Assistant Examiner: Stouffer; R. T.
Attorney, Agent or Firm: Kollin; Jacob L.
Claims
I claim:
1. A ski simulator, trainer and exerciser machine comprising in
combination, a skiing board, adjustable support means secured to
the underside of one end of said board for maintaining said skiing
board in an inclined position, a programming deck mounted on said
one end of the skiing board and spaced parallel therefrom, a bridge
spaced intermediate of said skiing board and said programming deck,
ski carriage means pivotably mounted intermediate said skiing board
and said prgramming deck, roller means secured to said carriage
means for pivoting said carriage means on said skiing board, a ski
pivot slide-ball holder adjustably secured on said deck, a pair of
simulated skiis pivotable on said carriage means and on said slide
ball holder, said bridge and said ski carriage means each being
provided with a plurality of spaced programming holes means adapted
to engage any selected one of said holes in said bridge and any
selected one of said holes in said ski carriage means for
adjustably securing said ski carriage means at predetermined
stations.
2. The machine as claimed in claim 1, said carriage means
comprising a pair of elongated members, having free ends provided
with fixed ball point pivot pins, said pair of simulated skiis
having underside portions of slotted tubular cross-section slidably
and tiltably mounted on said fixed ball-point pins.

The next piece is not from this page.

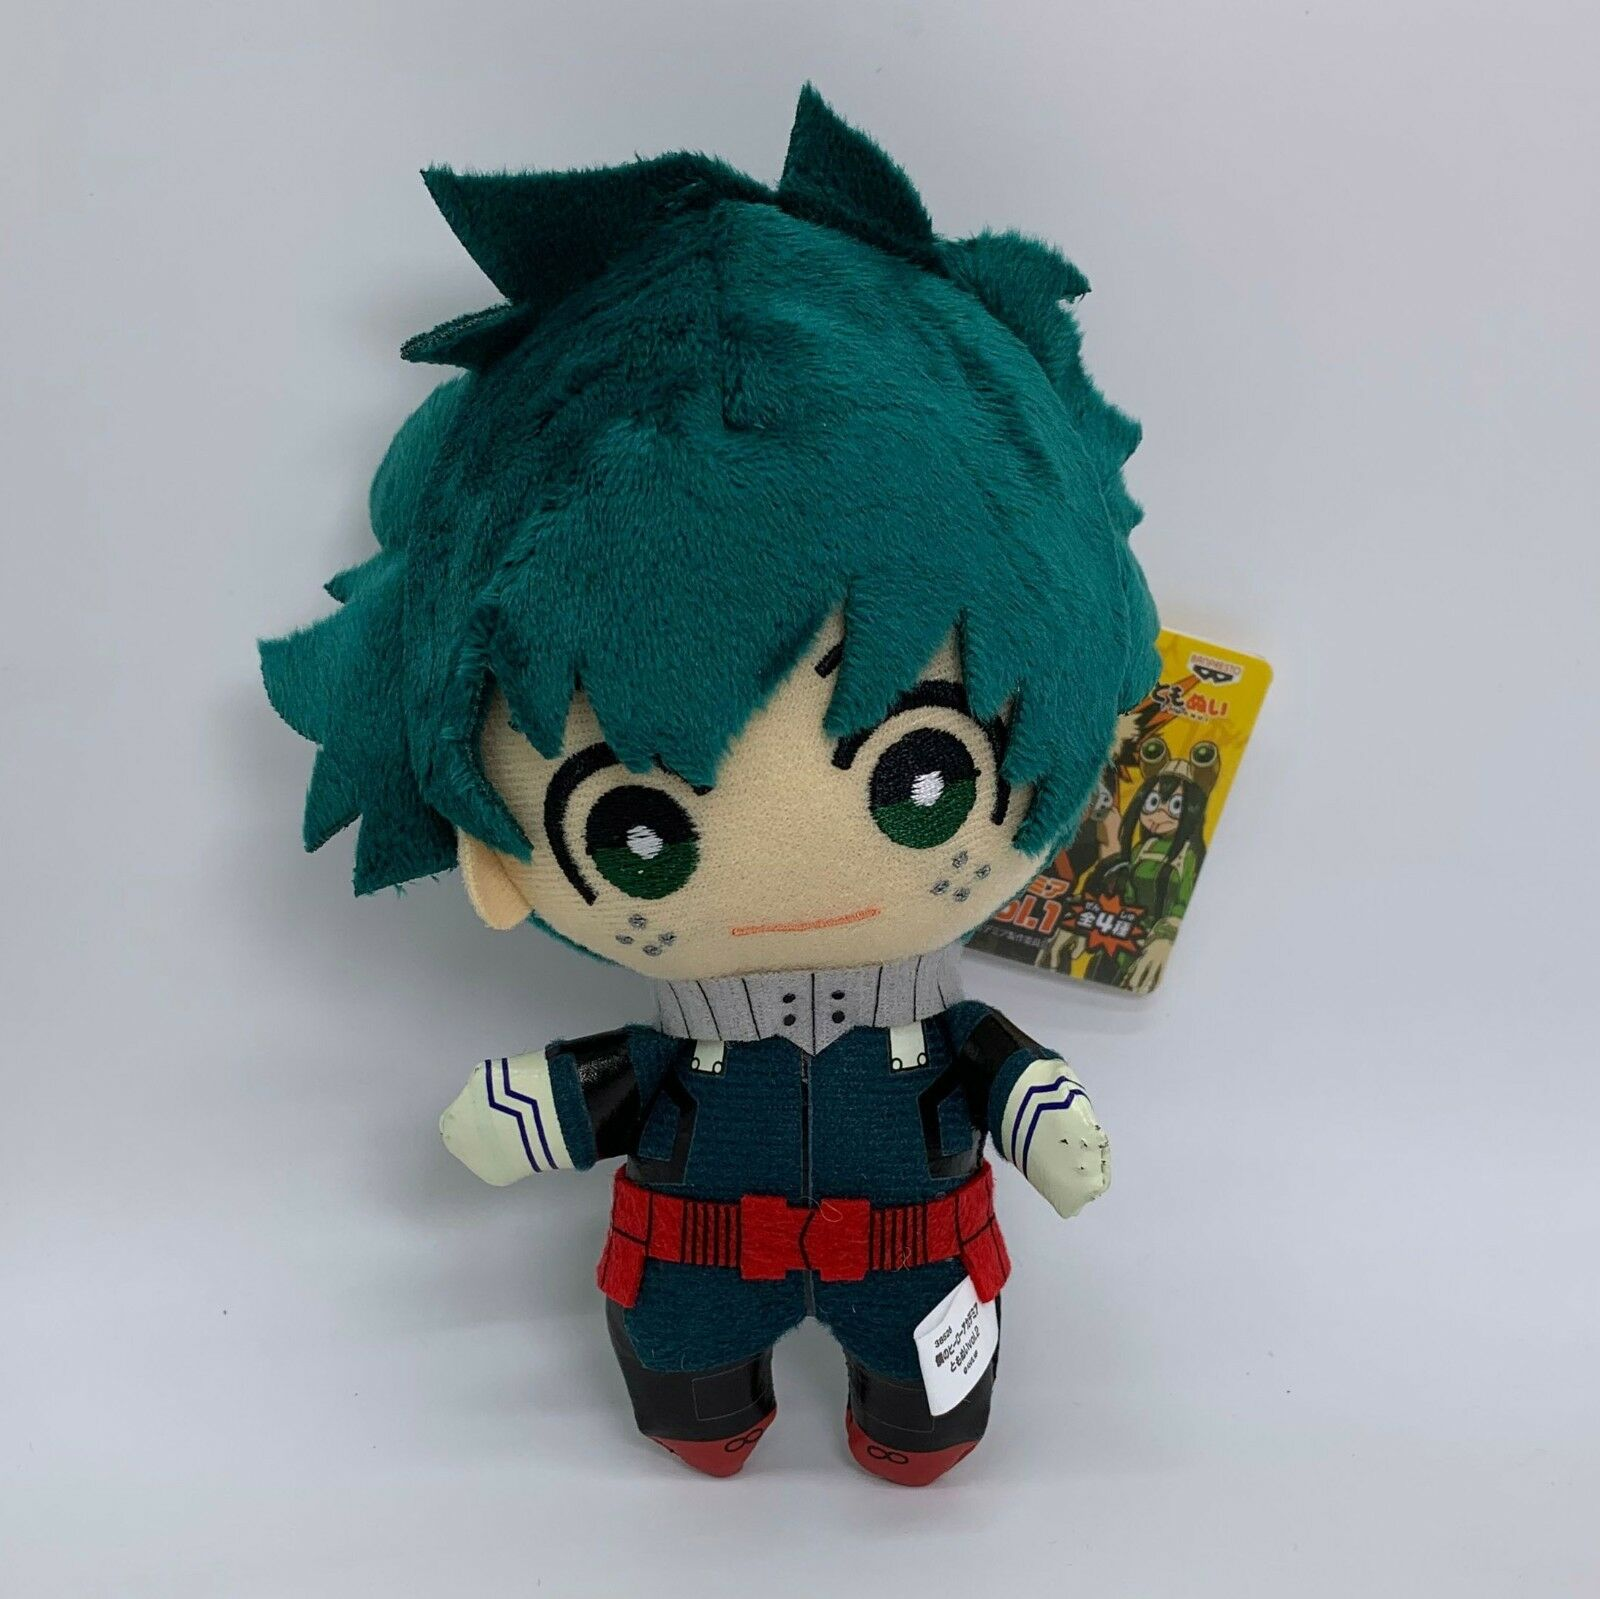 "My Hero Academia Katsuki Bakugo Plush Soft Toy Keychain Pendant Teddy Doll 6.5/"""

3. The machine according to claim 2, wherein said programming holes
are on said pair of elongated members and are arranged
longitudinally thereof, the holes in said programming deck in said
bridge and in said ski-pivot slide-ball holder extending
substantially transversely to said longitudinally carriage members,
said programming board being further provided with a plurality of
spaced pairs of holes extending in a path at right angles to said
transverse holes.
4. The machine as claimed in claim 3, further provided with a pair
of reversible stop plates securable to the free ends of said
carriages, said stop plates being respectively formed with notches
for locking the skiis horizontally on said carriage means.
5. The machine as claimed in claim 1, wherein said skiing board is
provided with a pair of detents for limiting the lateral
displacement of said free ends of the simulated skiis.
6. The device according to claim 1, wherein said skiing board is
provided with a plurality of non-skid holes for inserting tips of
ski poles.
7. The machine according to claim 1, wherein said carriage means
comprises an avalement carriage member adjustably pivotable with
one end about an axis intermediate said programming deck and said
ski board, a rotating bridge adjustably pivoted on the other end of
said carriage member and displaceable in an arcuate path relative
to said axis, said pair of simulated skiis being pivoted with one
of their ends to said rotating bridge and adjustably pivoted with
their other ends to said ski pivot slide ball holder.
Description
SUMMARY OF THE INVENTION
The object of the present invention is to provide a machine which
will enable its user to perform at home, most of the varied
positions required for different techniques of skiing for training
and exercise purposes.
Another object of the invention is to provide a machine in which by
repositioning certain parts by means of "programmed" holes,
different degrees and speeds of movement may be achieved. Further
by interchanging parts with an avalement accessory, an entirely
different series of ski movements may be performed. These new
movements may also be programmed to vary the size of the swinging
arc, the speed of the movements and the degrees of ski twist, i.e.,
the angle of skiis relative to the "fall line" of the ski
slope.
It is a further object of the invention to provide a machine which
will enable the user to set the machine so that each movement
starts at an "easy" exercise, and then can be progressively varied
to learn more difficult exercises. Thus the user is enabled to
learn to perform each movement easily and rhythmically,
continuously, as a trainer and an exerciser.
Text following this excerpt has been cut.